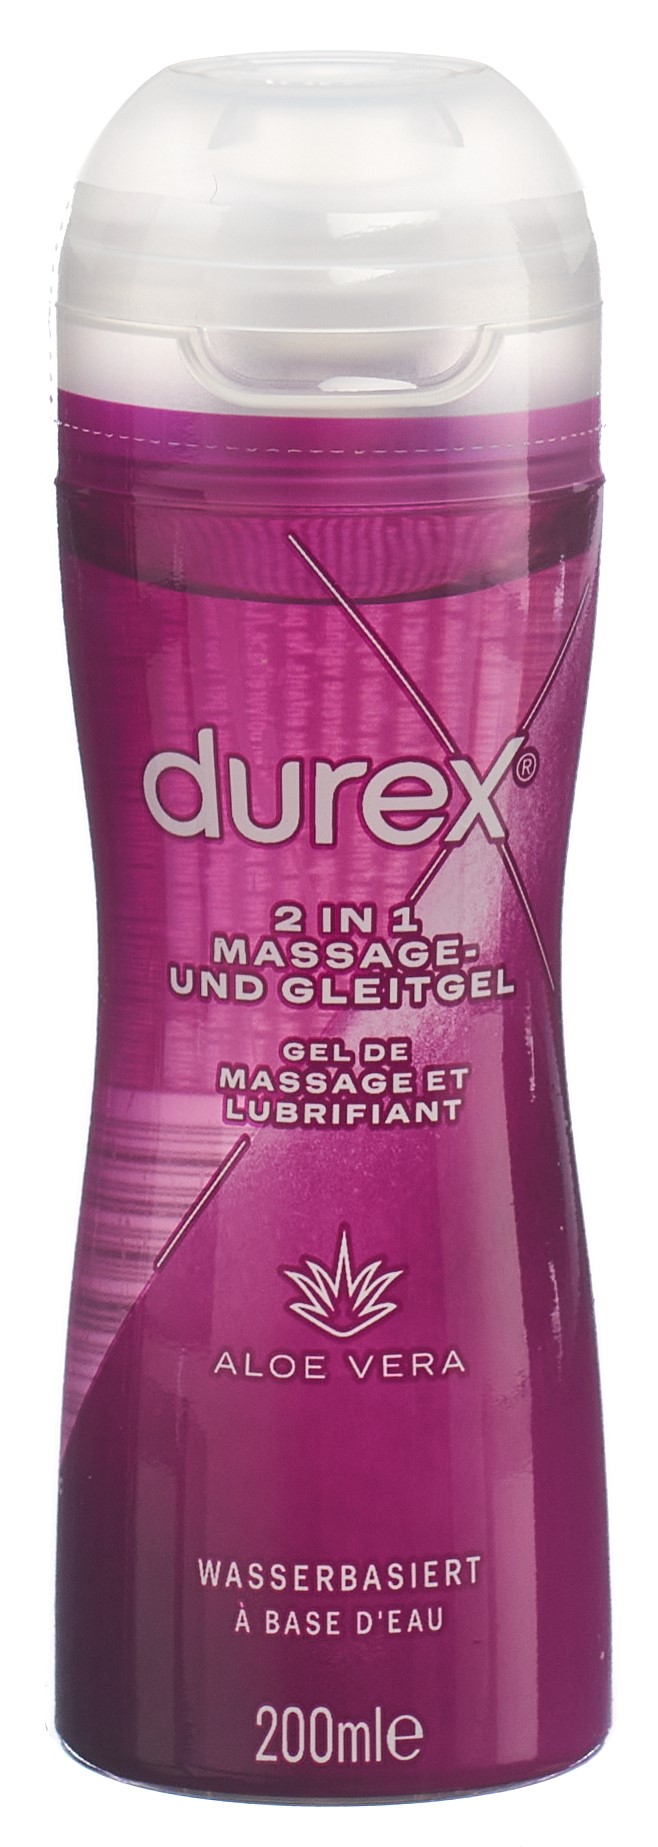 Durex Play 2in1 Massage & Gleitgel Aloe Vera Massagegel Gleitmittel 3x200ml  online kaufen
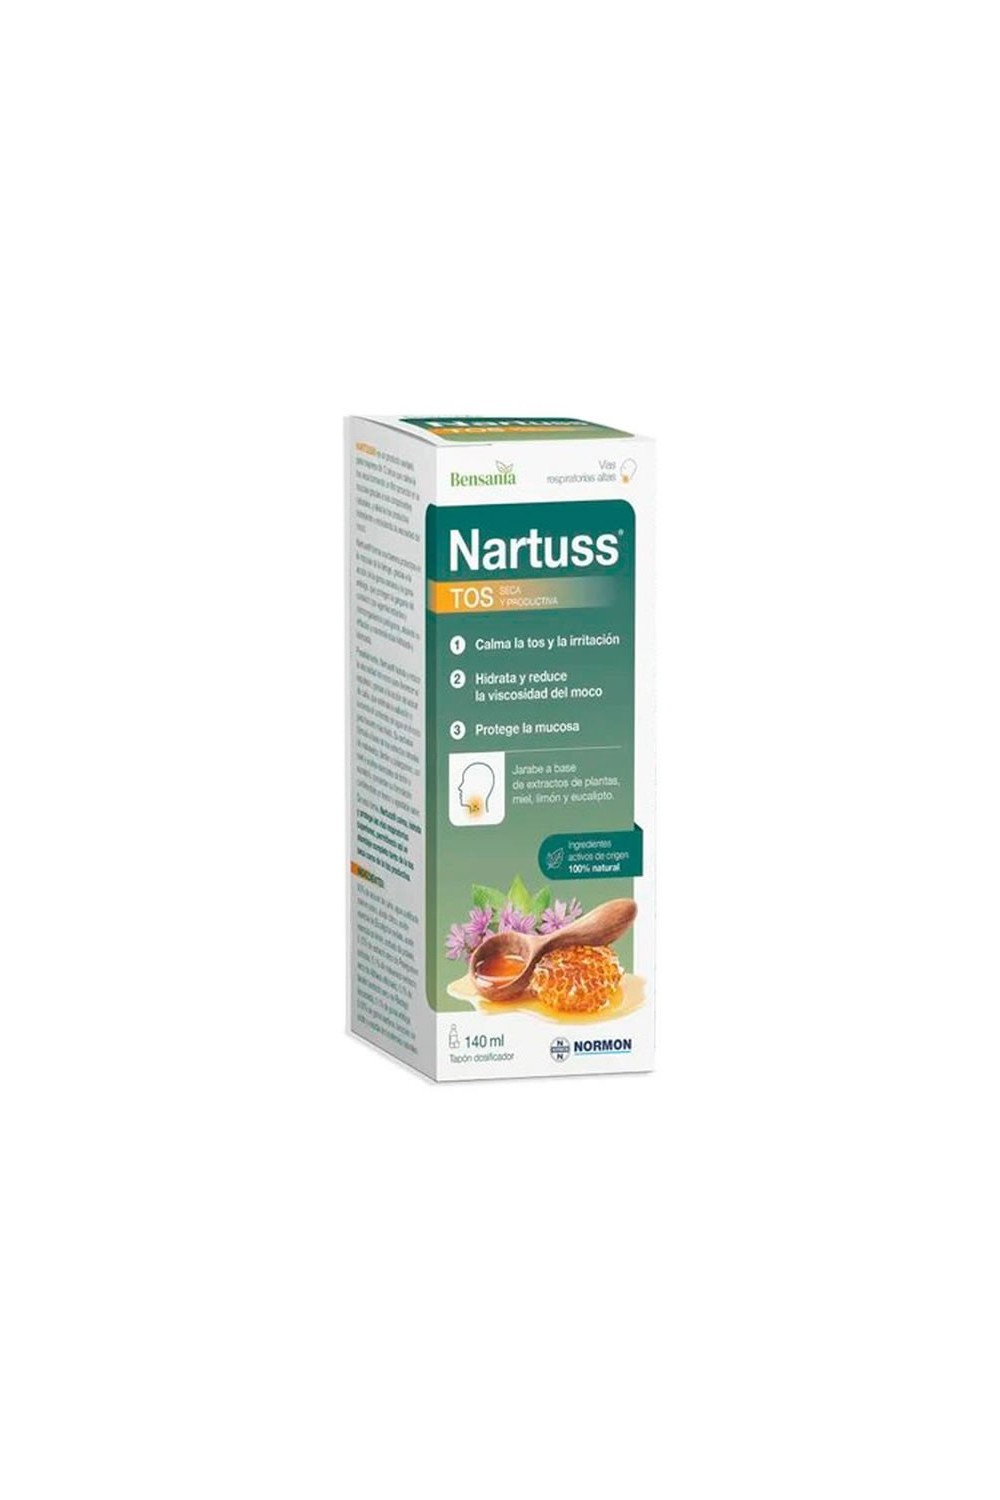 NORMON - Bensania Nartuss Dry Cough 140ml
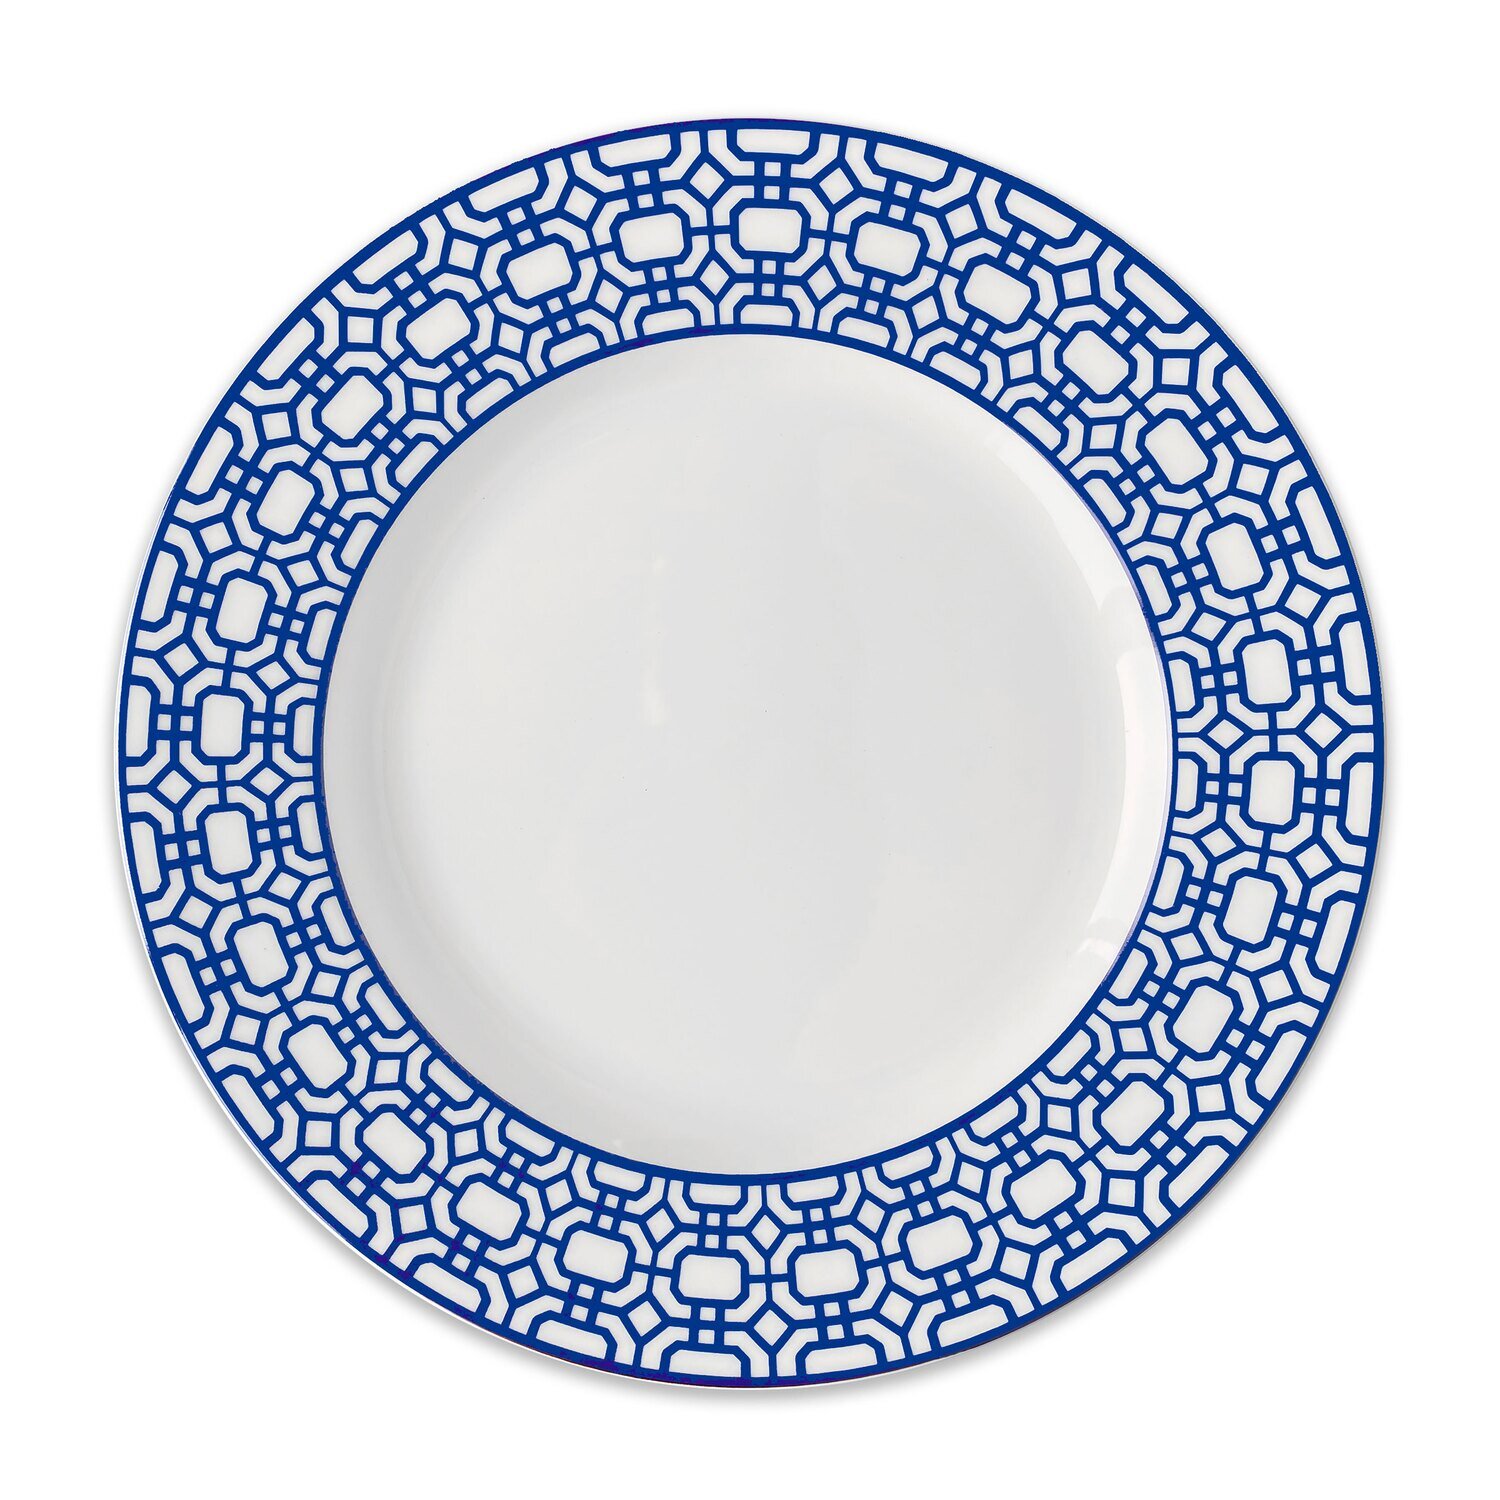 Caskata Newport Garden Gate Rimmed Dinner Plate Blue DINA-501
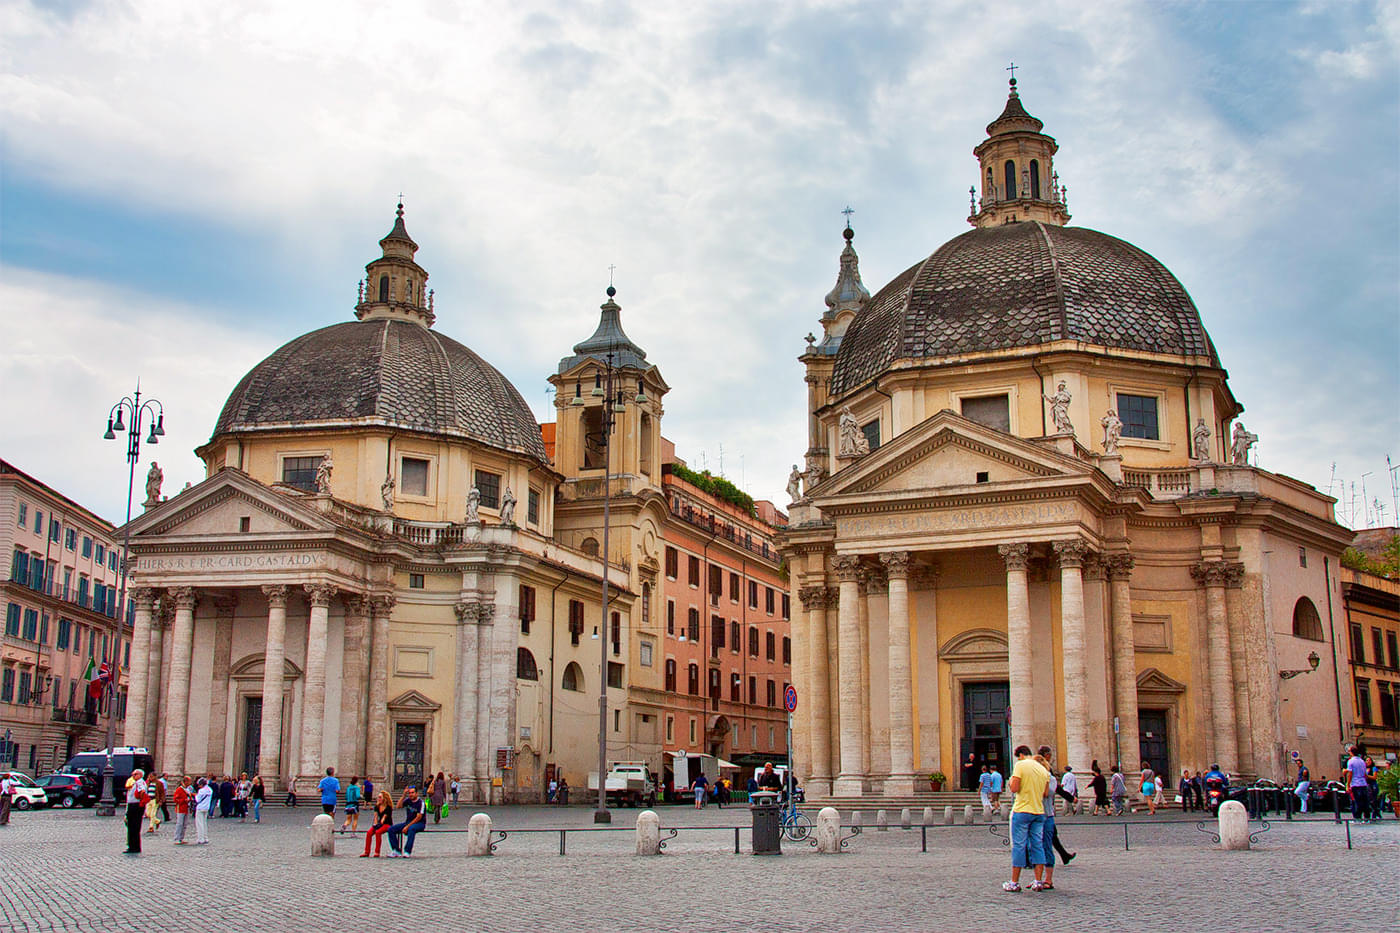 Piazza Del Popolo Overview
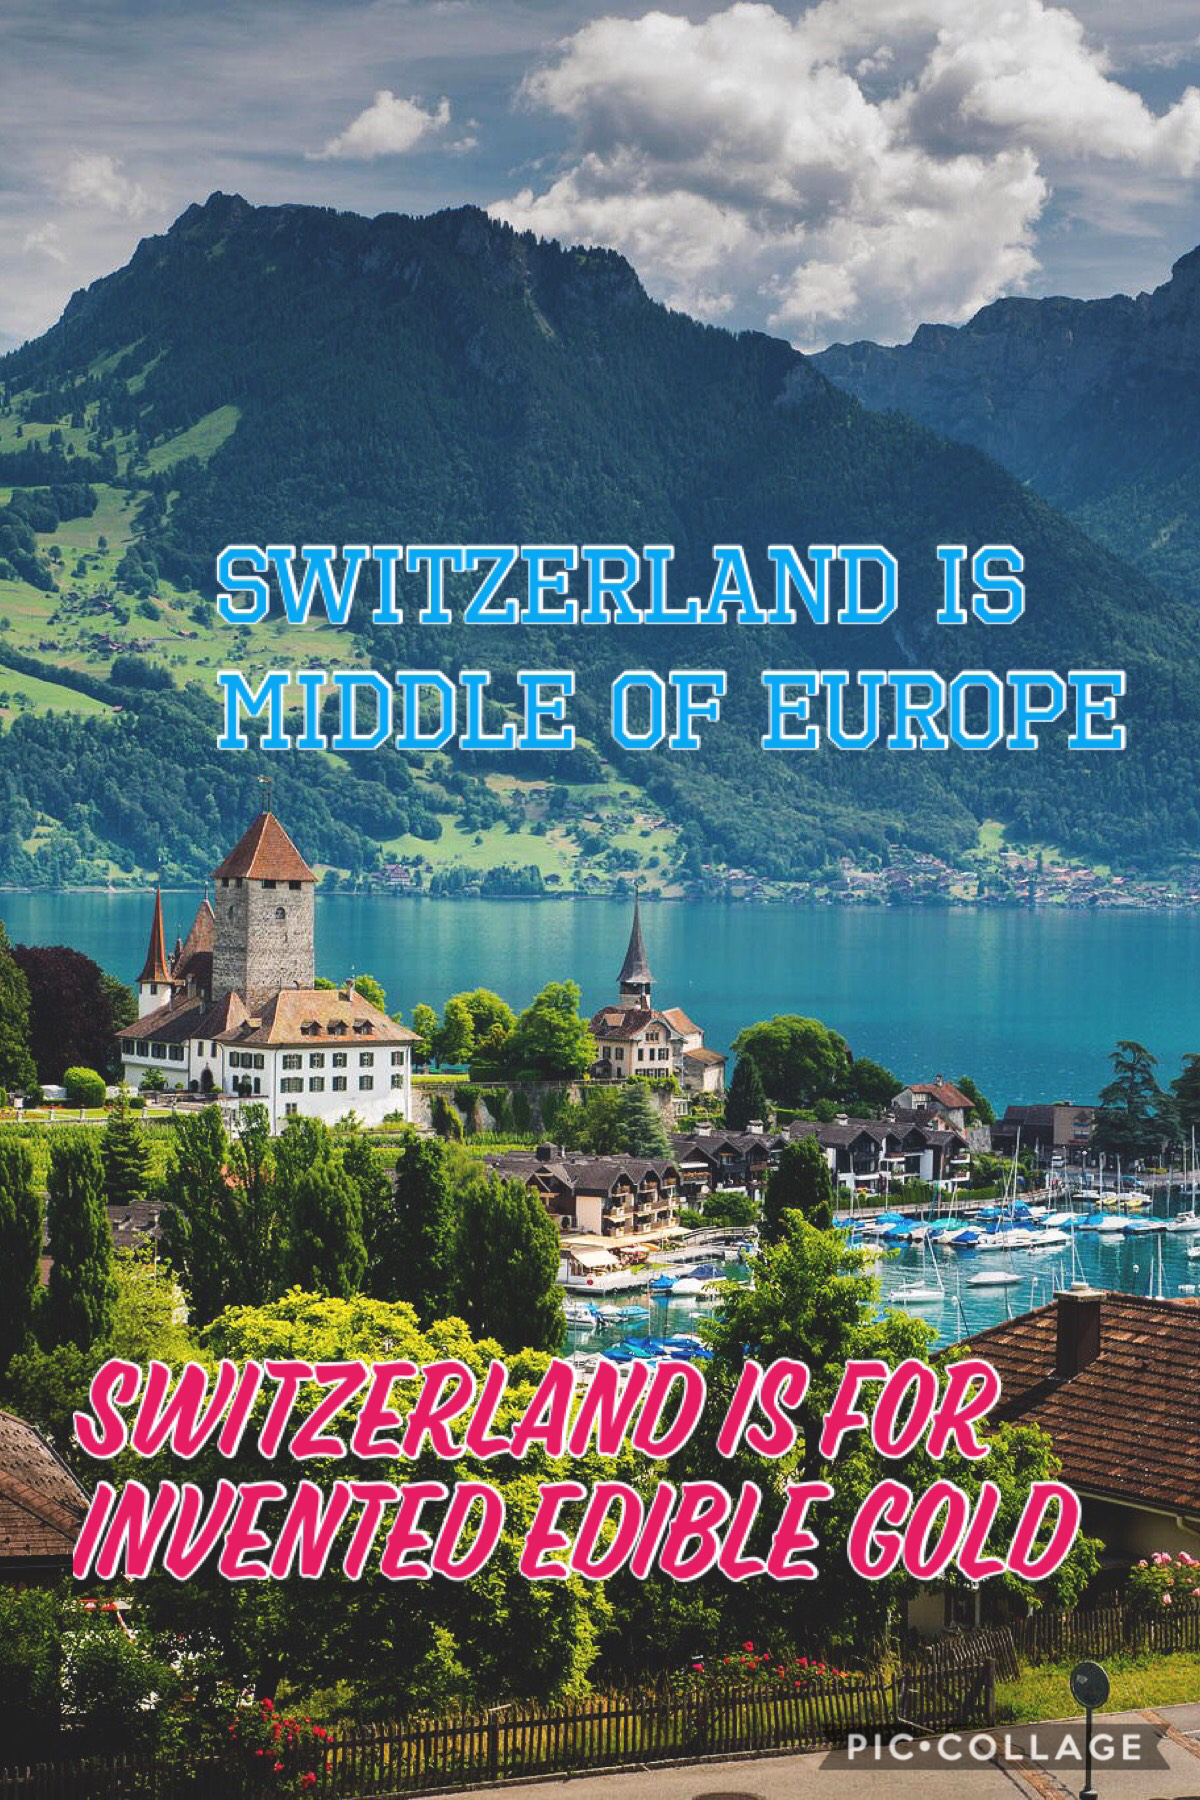 Travel destination 4 Switzerland

******************************

** Activity **
Set every line of the records down again exactly, and exclude all pictures.

** Response to this task **
 Durex Play 2in1 Massage & Gleitgel Aloe Vera Massagegel Gleitmittel 3x200ml  online kaufen
 NORMON - Bensania Nartuss Dry Cough 140ml
 Caskata Newport Garden Gate Rimmed Dinner Plate Blue DINA-501
 Piazza Del Popolo Overview
 Travel destination 4 Switzerland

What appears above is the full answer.